Slashdot Mirror


Vector Space Search Engines in Perl

cascadefx writes "There is a great article on writing a Vector Space Search Engine in Perl over at the Orielly Network's Perl.com site. Most search engines, such as Google, use a reverse keyword index algorithm. The article, complete with code, proves yet again that there is (definitely) more than one way to do it. Try your hand. Add improvements and you may have a handy search engine for your site or... the next Google-killer."

4 of 20 comments (clear)

  1. no good for large collections of documents by rpeppe · · Score: 4, Insightful
    As far as I can see, this algorithm runs in time proportional to the number of documents, which might be fine for a small number of documents, but would be abysmal in large environments.

    It's a pity the article doesn't make this clearer (instead, it just says "Searches take place in RAM, so there's no disk or database access", which makes it sound as if it would be faster!)

    There's a reason people invented indexing schemes!

    1. Re:no good for large collections of documents by FamousLongAgo · · Score: 4, Insightful

      [disclaimer: I wrote the article]

      Since when is linear scaling abysmal? Keep in mind that for very large collections, you can use clustering or other techniques to reduce the number of comparisons. You essentially layer an indexing step on top of things, so that you only search the most promising vectors.

      Keep in mind also that vector comparisons are very, very, very fast. People have run vector space search engines on collections in the millions without running into performance issues. And the claim that vector search is faster than a database search is true, for as long as you can fit all the document vectors into RAM.

      --

      A customer service representative will be with me shortly.
    2. Re:no good for large collections of documents by t · · Score: 3, Insightful
      Skimming the article, it seems to be quite similar to Self-Organizing Maps or Vector Quantizers. Care to comment?

      Also, I've worked on SOMs previously and there is no way you can hold all the document vectors in RAM. Think google, when you do a search on 3 million documents. The part that really hurts is the number of possible keywords.

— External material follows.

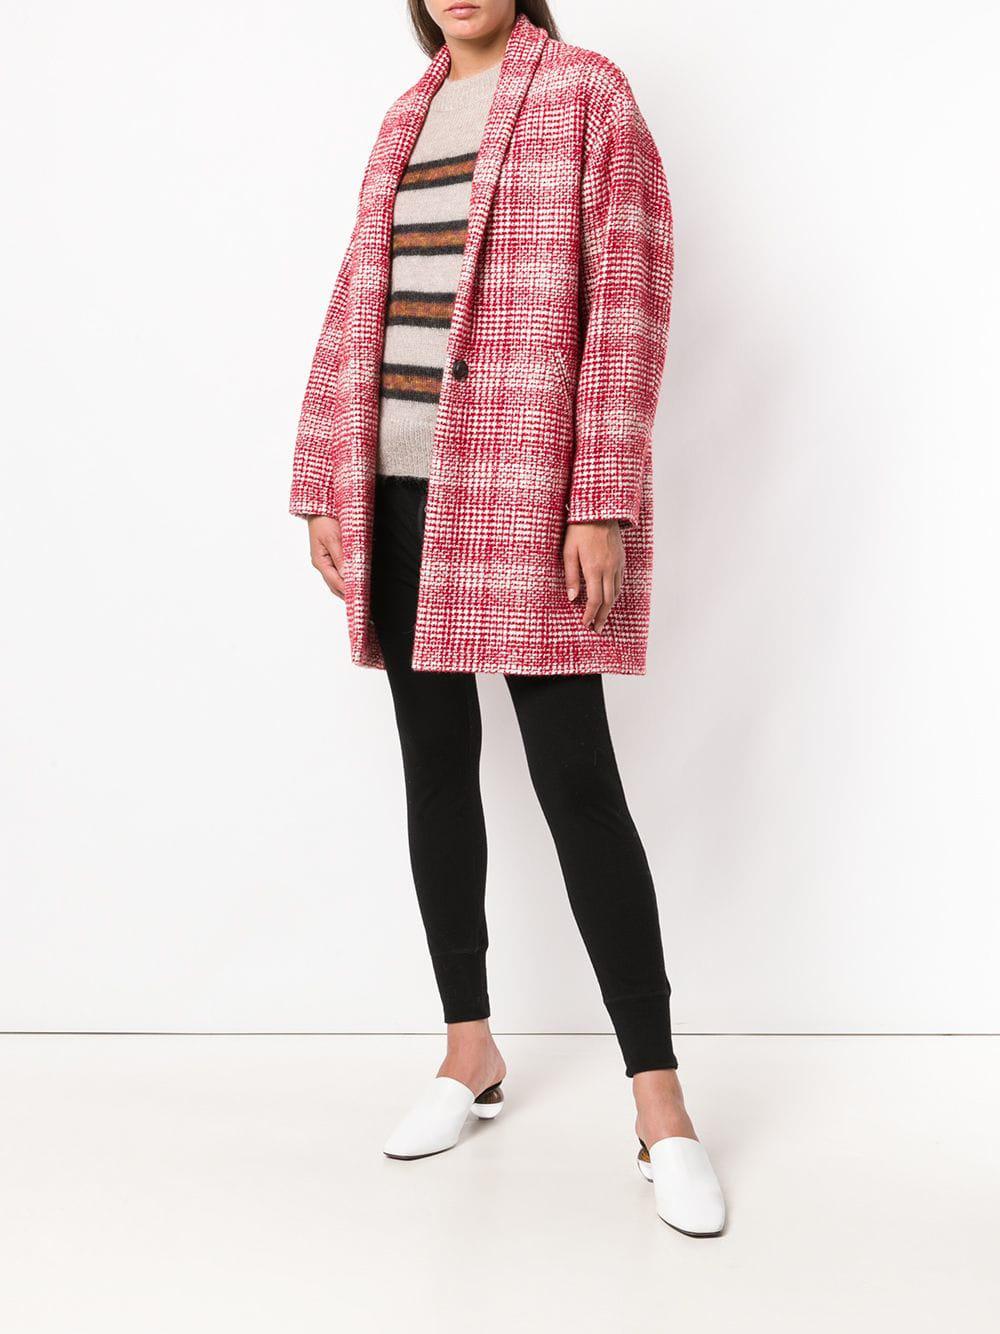 Étoile Isabel Marant Ebrie Checked Wool-blend Coat in Red - Lyst

    3. Re:no good for large collections of documents by FamousLongAgo · · Score: 3, Informative

      I hadn't heard of either technique - if you have some links, I'd love to look at them.

      You're completely right about web-size collections being too big to hold in RAM. It's a question of defining the problem space. My article was targeted for the hobbyist, who is far more likely to be building a search engine for a website (thousands of pages) than for the entire web.

      Presumably, if you're trying to index the web, you won't be writing your search code in Perl ;-)

      That's not to say you can't scale vector-space search engines. But it makes things complex. There is a lot of handwaving in the article, to try and keep things simple. One example, as you point out, is neglecting to mention practical ways of reducing vector size (number of keywords). That problem goes away if you use latent semantic analysis, which reduces the dimensionality of the vectors by several orders of magnitude. And as a nice side effect, you get a search engine with better recall, that can give you relevant results without a keyword match.

      But LSI has its own scaling issues, and those scaling issues have their own workarounds, and so on and so on. Put it all in an introductory article, and it gets overwhelming.

      Still, I think there's room for novel algorithmic approaches in the 100-100K document range. To give you one example, we run an LSI search engine on a database of old Civil War articles for the University of Virginia. There's no way the search could scale to ten million documents, but it doesn't have to. The collection is bounded.

      I suspect other people have interesting collections in that kind of size range. Not everything has to scale to the billions of documents to be useful.

      --

      A customer service representative will be with me shortly.